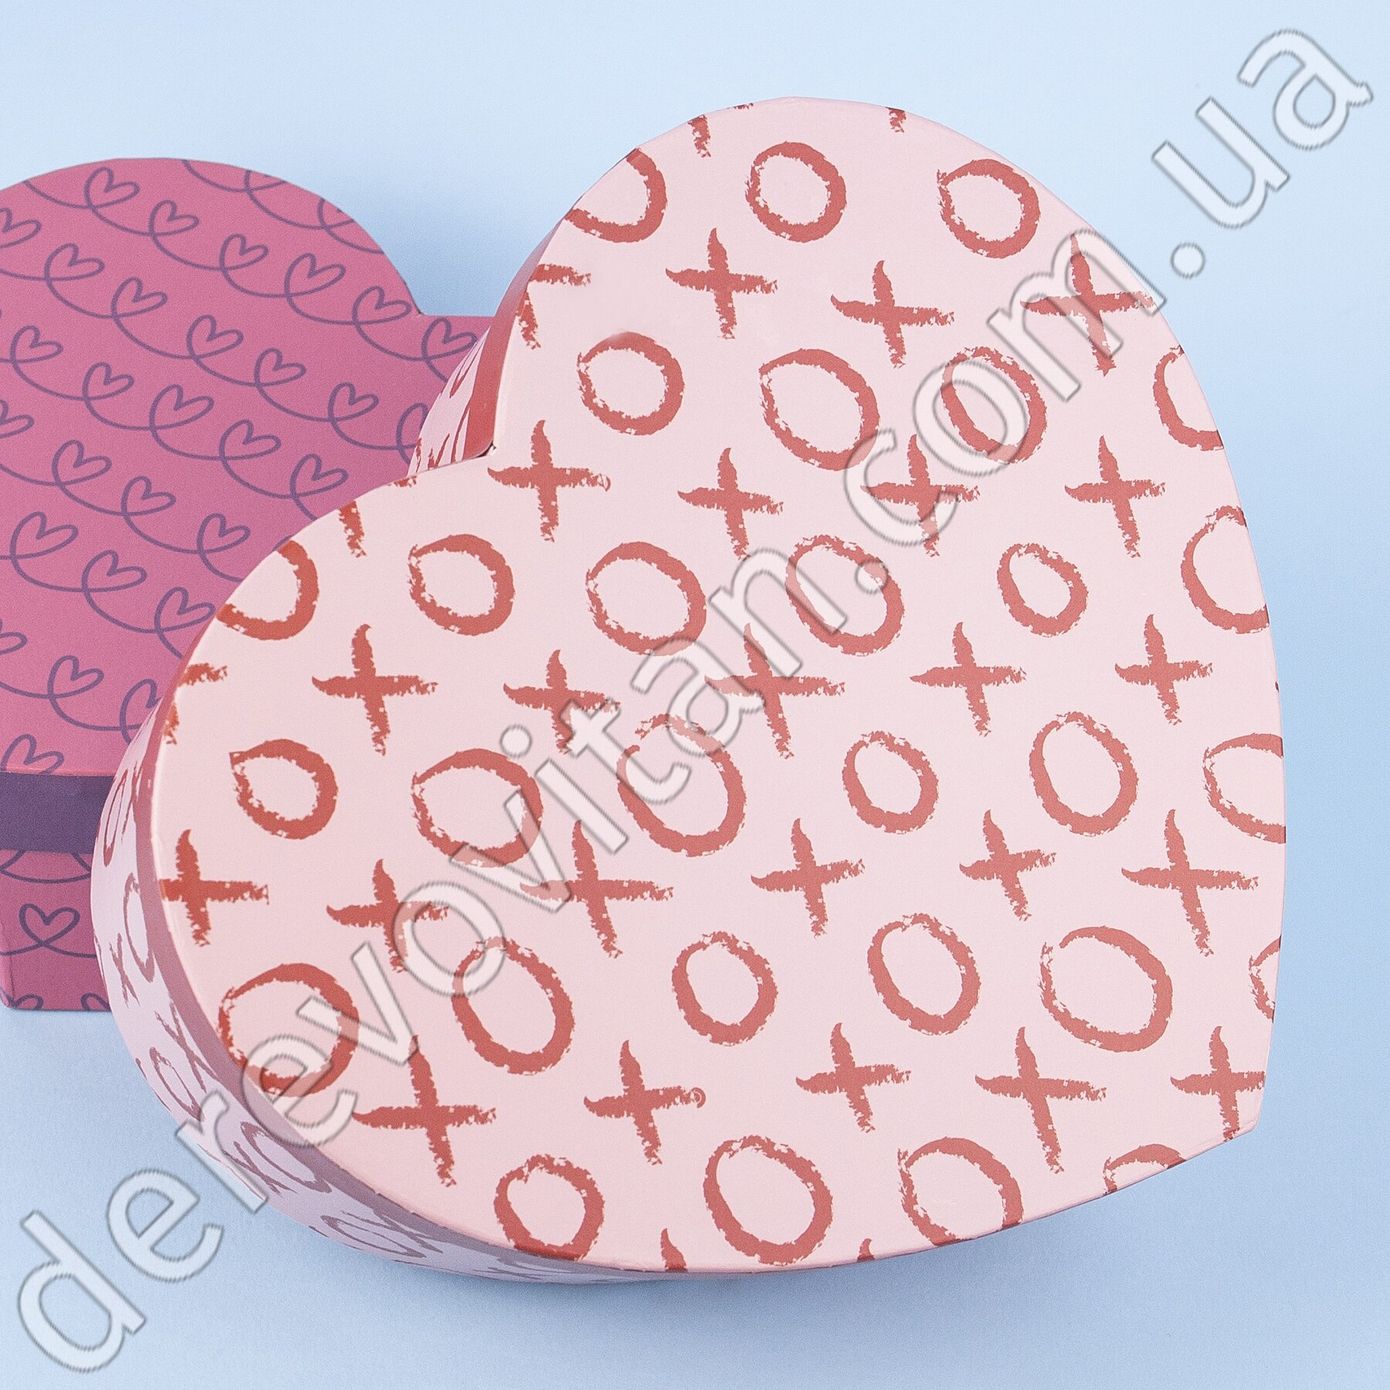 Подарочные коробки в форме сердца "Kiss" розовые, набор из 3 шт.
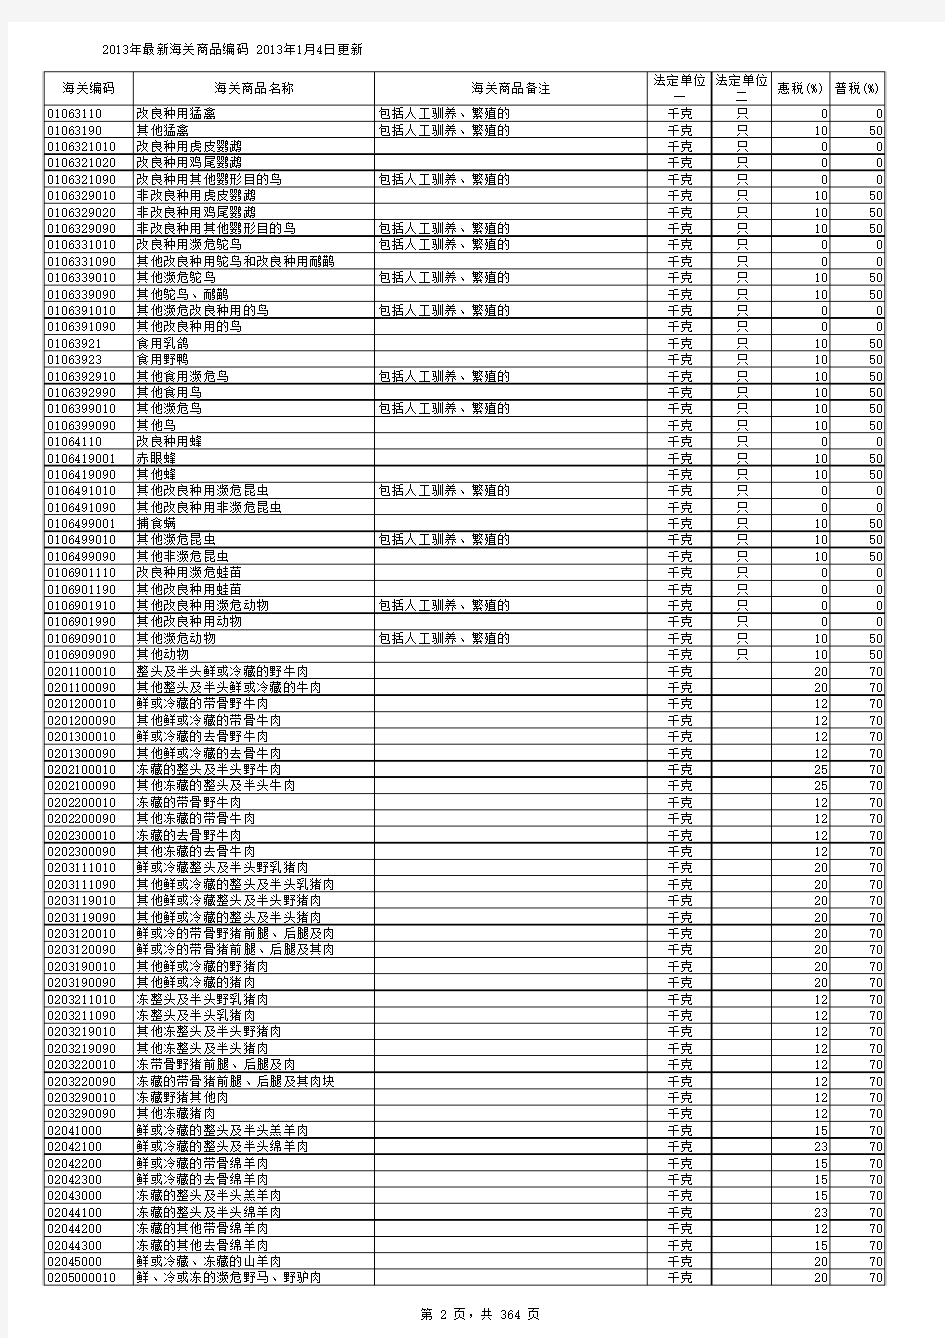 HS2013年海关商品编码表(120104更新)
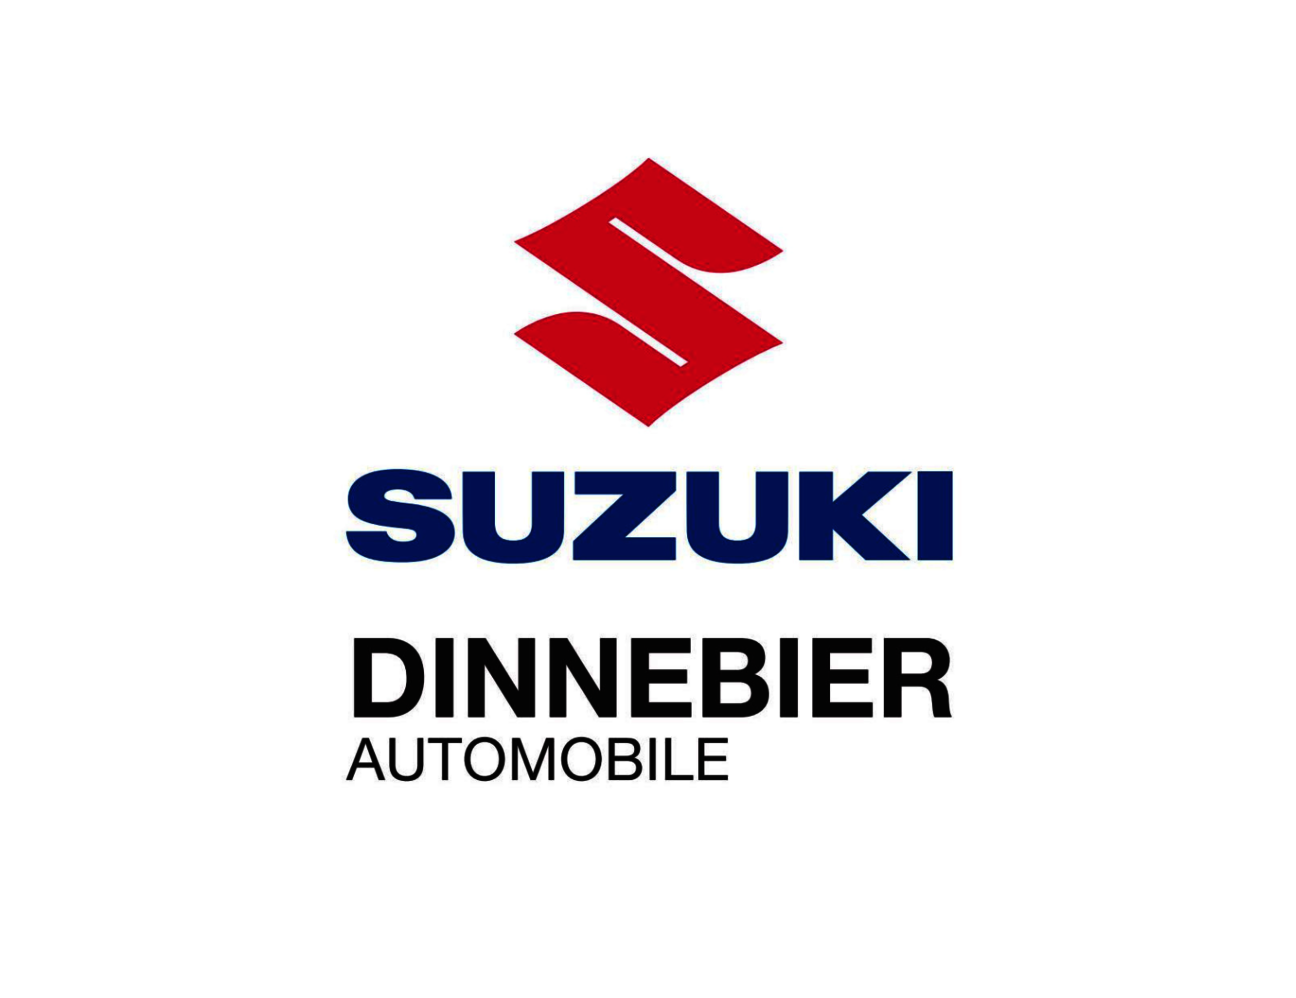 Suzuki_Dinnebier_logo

□ □ □

TASK OBJECTIVE: Copy each line of the listing exactly, skipping any picture.

TASK SOLUTION:
 Подарочные коробки в форме сердца "Kiss" розовые, набор из 3 шт.
 HS2013年海关商品编码表(120104更新)
 Suzuki_Dinnebier_logo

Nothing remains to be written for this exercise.